The problem is that the visionary ideas ahead of their time are indistinguishable from the crank ones: they are way outside the (scientific) Overton window and so are automatically misinterpreted and dismissed. Some of those that pan out centuries later were the germ theory of disease, soft inheritance, the idea that brain hosts the mind, etc. There are probably a few prophetic ideas published and ridiculed fairly recently, whose power will only become apparent decades or centuries from now.
This is a very outside view on these ideas. I think from the inside there’s a lot that often separates obviously bogus ideas from possibly real ones. Ideas that might pan out are generally plausible now given the evidence available, even if they cannot be proved, whereas bogus, crank ideas generally ignore what we know to claim something contradictory. This can get a bit tricky because ideas of what people consider “known” can be a little fluid, but the distinction I’m trying to draw here is between ideas that may contradict existing models but agree with what we observe and ideas that disagree with what we observe (regardless of whether they contradict existing models), the former being plausible, ahead-of-their-time ideas that might later be proven true, and the latter being clearly bogus.
(Of course sometimes, as in the case of not observing star parallax without sufficiently powerful instruments, even our observations are a limiting factor, but this does at least allow us to make specific predictions that we should expect to see something if we had more powerful instruments, and would lead us to conclude against a promising idea if we got really good observations that generated disqualifying evidence.)

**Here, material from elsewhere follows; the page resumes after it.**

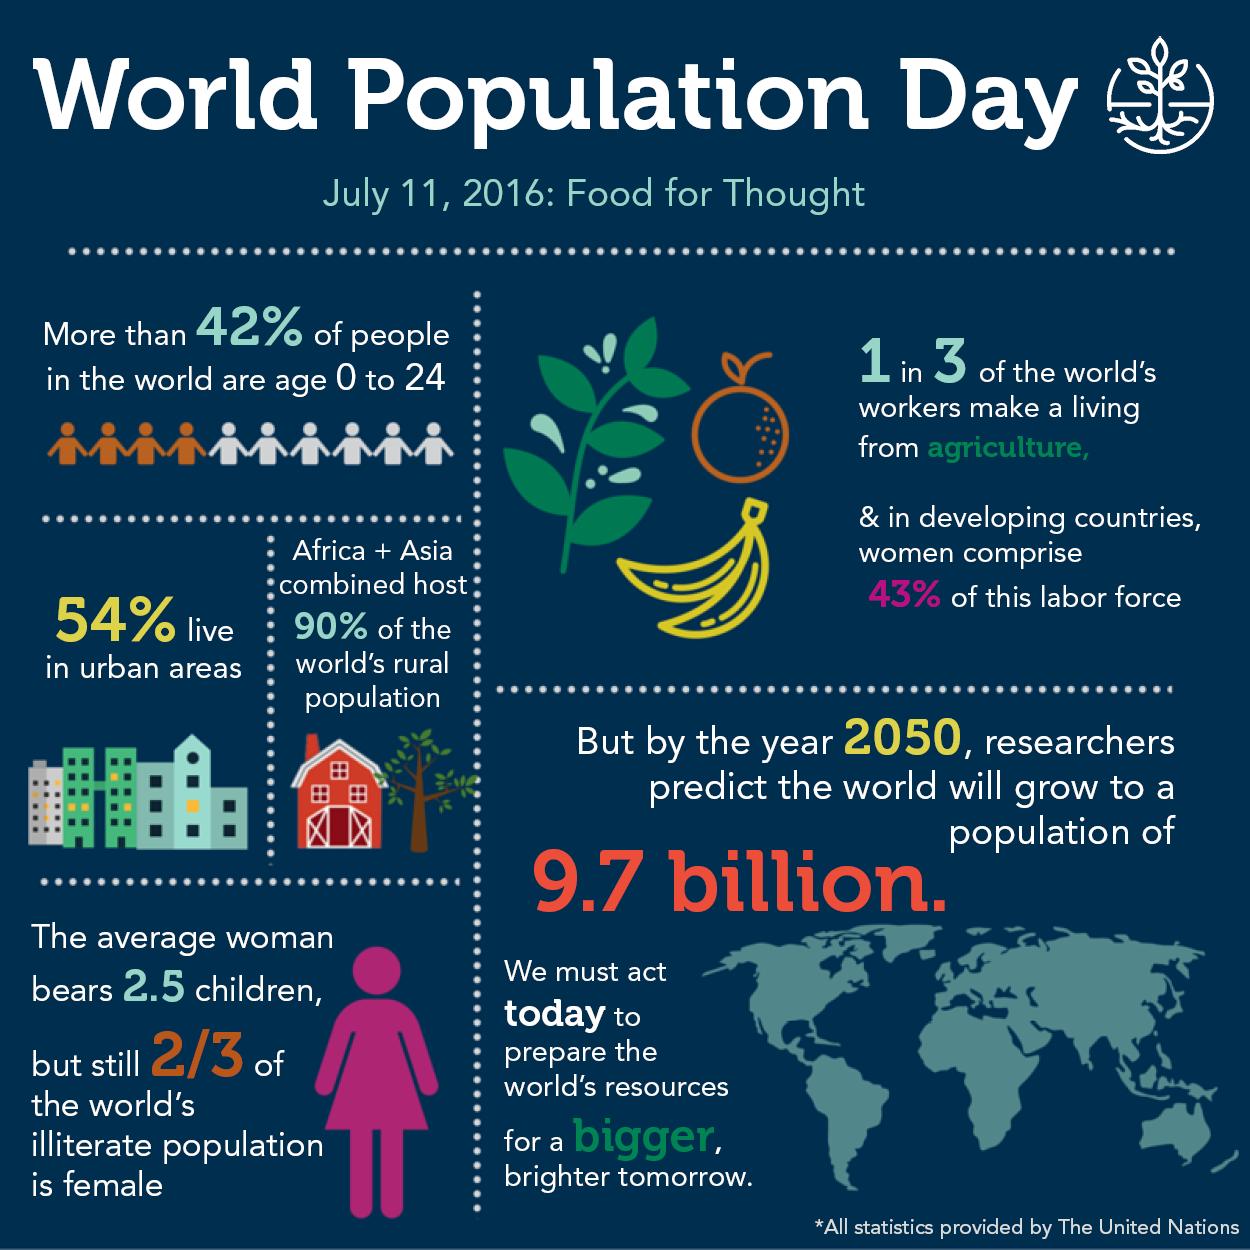 World Population Day 2016 | CNFA

I think this is an important point to recognize. If an idea agrees with observation but makes predictions that can’t currently be tested, it should be given more consideration than an idea which contradicts existing observations.
Expressed very succinctly, thank you.
I suppose what I’m really wondering is whether there’s some feature which can be perceived in the structure of the idea and its ramifications which indicate that it is on the right track, which would distinguish it from crank. Clearly there’s nothing obvious or someone would have found it by now and made a bunch of correct predictions a long time ago. Still, it makes me wonder if there’s something remaining to be found there.
I have a physics degree and ran the Freenode #physics channel for a few years, and so had to deal with a lot of crackpots. It’s easy to tell the obvious nonsense (it raises a lot of standard red flags, like proclaiming a well tested model wrong) but within a well informed professional community ideas ahead of their time are very hard to tell apart from the chaff. Is Tipler’s Omega point nonsense? Is AI fooming nonsense? Is Tegmark’s multiverse nonsense? Is string theory? If you read Not Even Wrong, you can get some idea how hard it is to tell promising ideas apart from the rest.
Some things are dismissed as crank because of assumptions people make. Like “there’s no way stars could be that far away!”